At 5:52 PM, Blogger Unknown said...

Well, Jeez, I'm sure your comments apply to some shelters, but not at the well-known shelter where I work.

Everyone sees a social worker, single or family. Parents do NOT give up custody of their children.

I have seen many families come and go. Parents are helped in finding employment as well as help in finding a place to live.

This shelter is a perfectly safe place for families. They have a comfortable place to live as well as good food to eat.

It is not helpful or honest to broadly declare that no shelter is a safe option for families. That simply is not true.

 
At 8:54 PM, Blogger Mobile Homemaker said...

@Unknown

Whether or not Jeez's comments are universally accurate, his advice to keep your homelessness secret from the government broadly, and social workers in particular, strikes me as very prudent. Families should not risk their unity to receive the paltry assistance of a shelter.

 
At 6:21 AM, Blogger Unknown said...

"Families should not risk their unity to receive the paltry assistance of a shelter."

Again, another blanket statement that is applied to all shelters. Not helpful to homeless families who are in desperate need of help to advise them not to go to any shelters.

The assistance my shelter provides is not "paltry". Getting homeless families off the streets, giving them a safe and comfortable place to live, as well as meals, help in finding their own apartment and jobs is not "paltry".

At my shelter no families are split apart. Our social workers help these families stay together by giving them the advice and counselling they require and extra help when needed. Also, this coming week children will be picked up and taken to schools to continue their education.
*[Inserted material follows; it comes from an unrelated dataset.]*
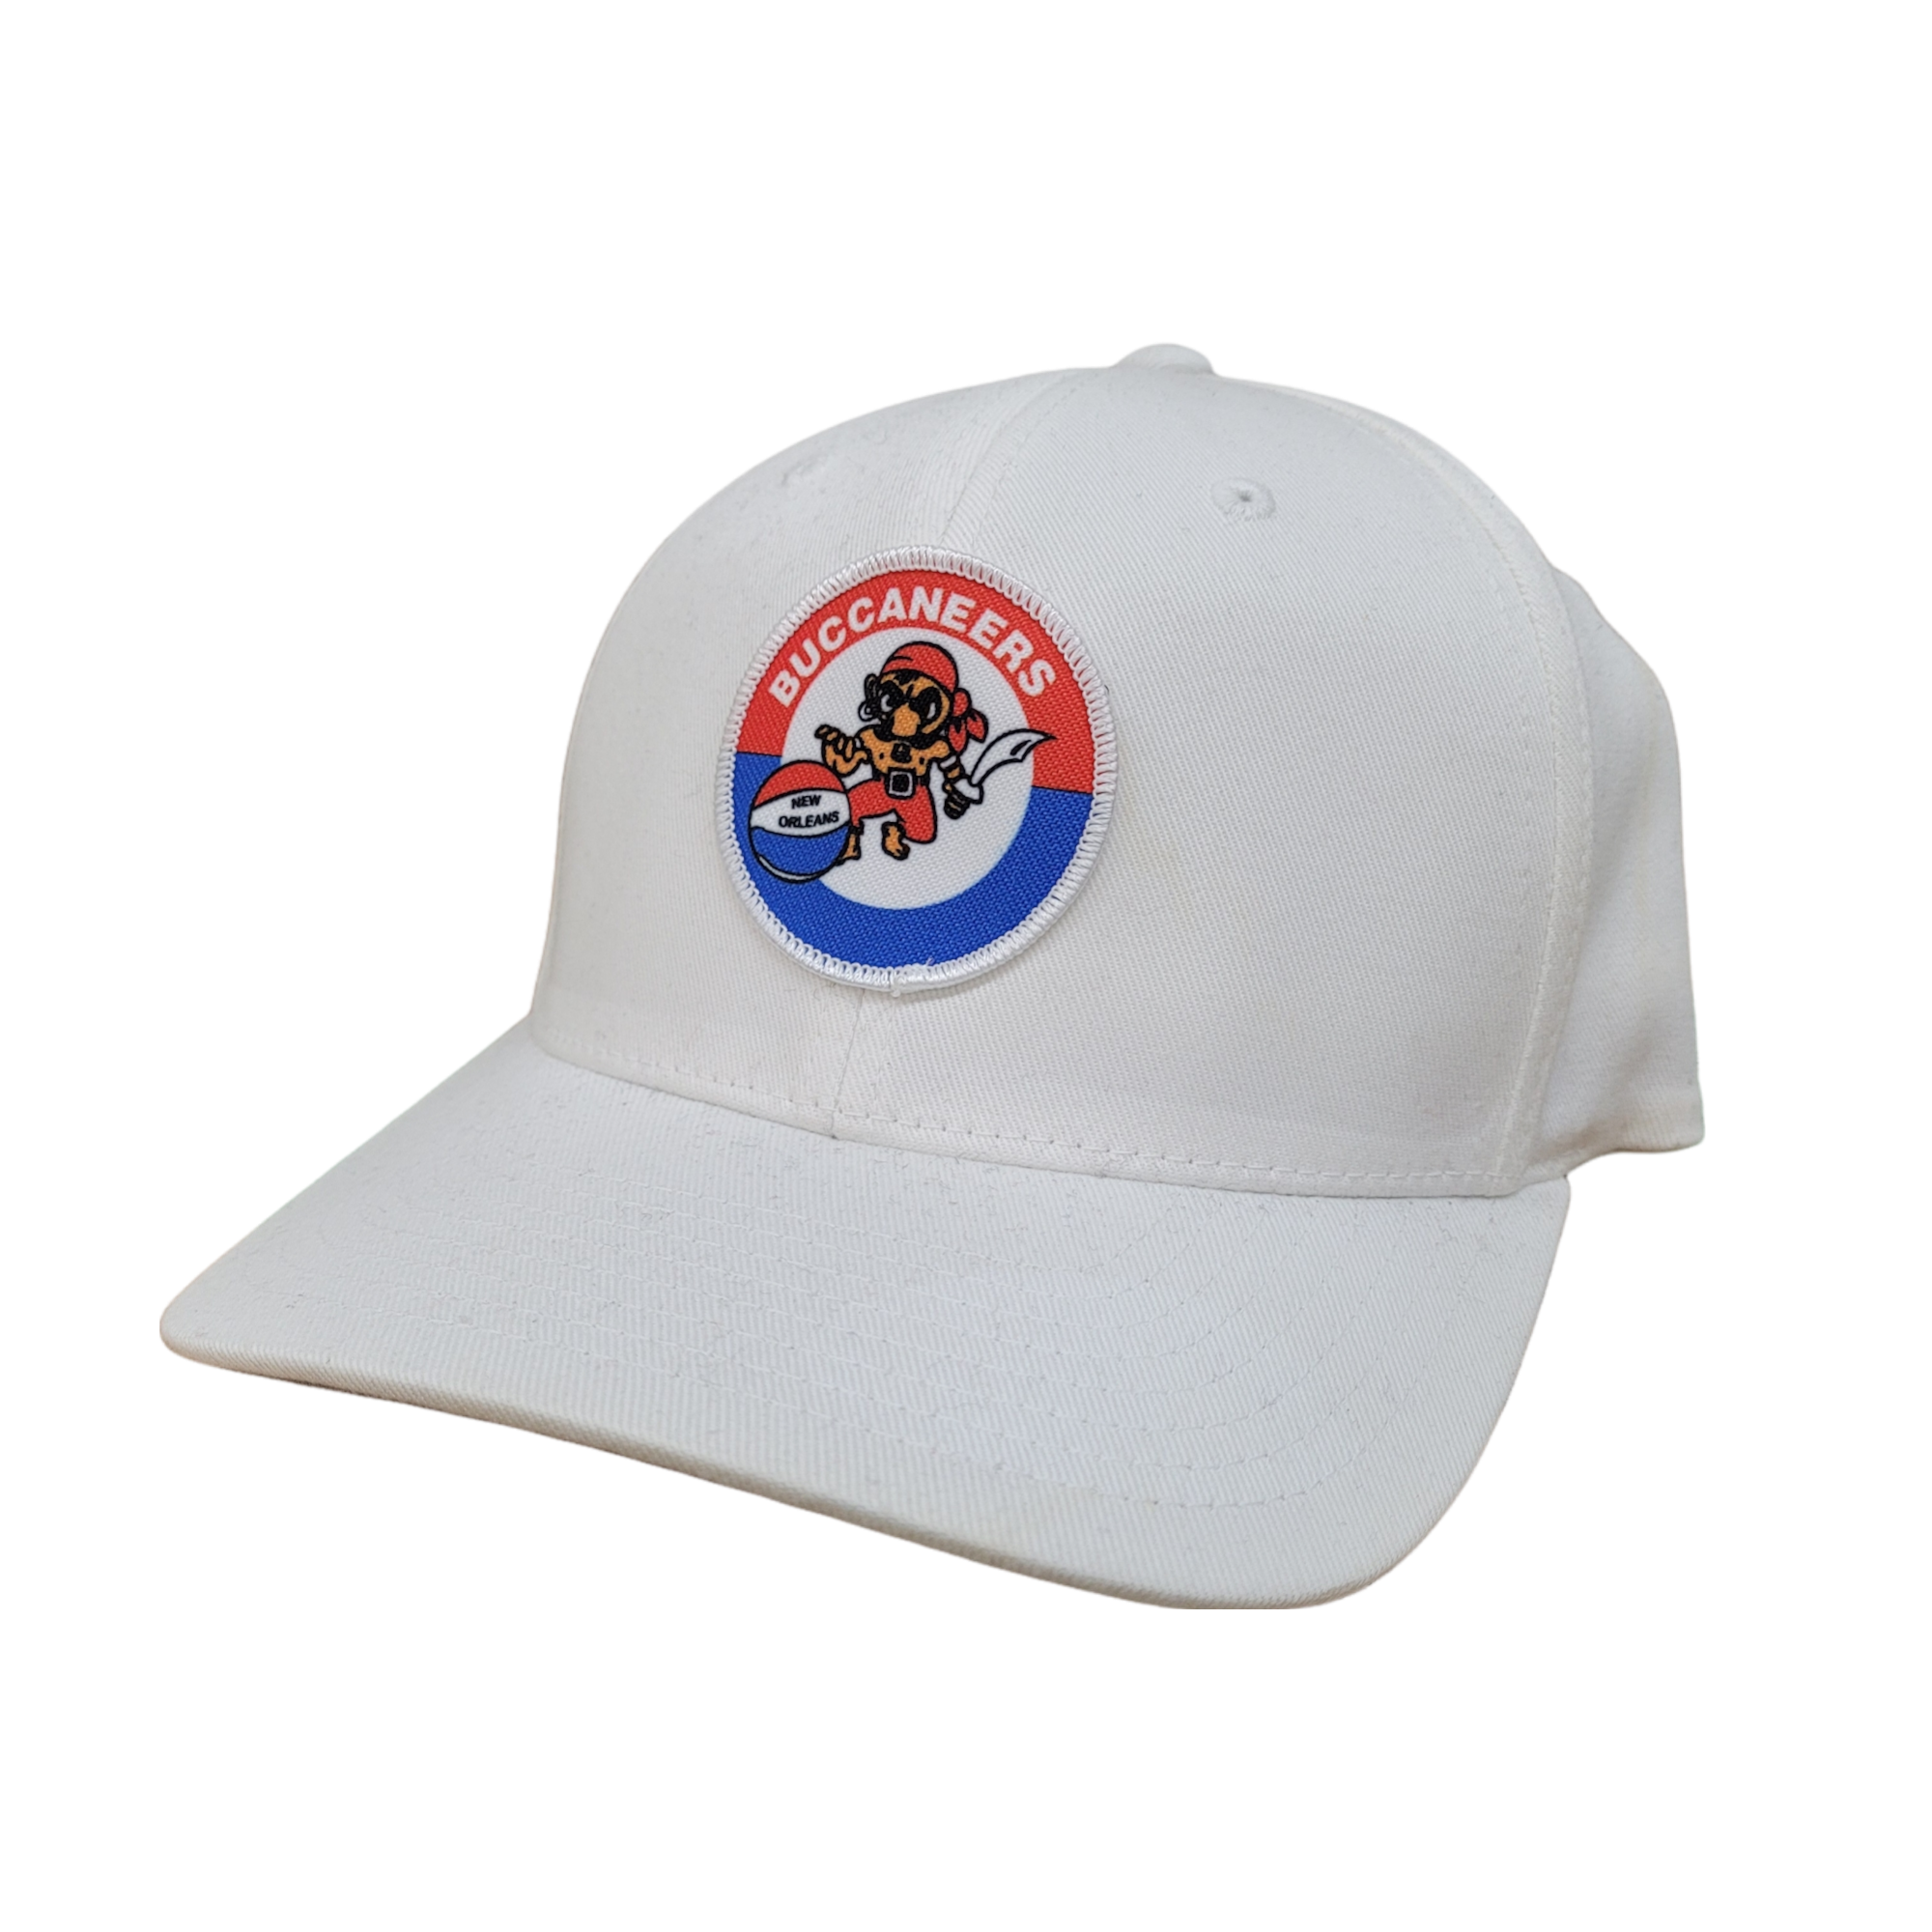 New Orleans Buccaneers ABA Hat

So it is not prudent to advise homeless families to stay away from all shelters based upon negative experiences at some.

 
At 3:18 PM, Blogger Mobile Homemaker said...

Okay, I've let you have your say, Unknown. I'm sure you have the world's most remarkable and progressive shelter, but so long as there are ugly and dangerous shelters in the world that will disrupt a family, I'm going to advise extreme caution to my readers. I've never encountered any shelter that was good enough that its staff would want to live there under the shelter rules. I think that tells the whole story.

 
At 8:17 PM, Anonymous c said...

This is in reference to the grandmother with the mentally ill daughter. I have schizophrenia and at the age of 18 I covertly worried about becoming homeless but never told anyone.

I definitely would have found this blog and read it,had it not been the 80's before the internet.

So let's just say that essentially the author is writing this blog for anyone interested, capable of reading, and able to apply the concepts therein.

Having schizophrenia doesn't mean you can't read a blog. Sometimes you can even write a blog! Sometimes you can have schizophrenia, be homeless, and also write a blog (Ive seen this happen.)

 
At 7:34 AM, Anonymous Anonymous said...

I was sent to a shelter by a DHS "counselor." She threatened to call the police on me when I didn't fill in the form completely. Some of the questions were just...

Anyway, at the shelter, the matron screamed and yelled at everyone seeking shelter, including me. I walked out and slept on some steps in a public park.

Just wasn't worth it. Had no money. No food. No family. Nothing. But I didn't accept abuse and bullying and so I maintained personal dignity.

That's cold comfort to some, but the next day, I located a day shelter where I could shower, do laundry, use a phone, and internet. I also found food pantries and soup kitchens and made do with what I had.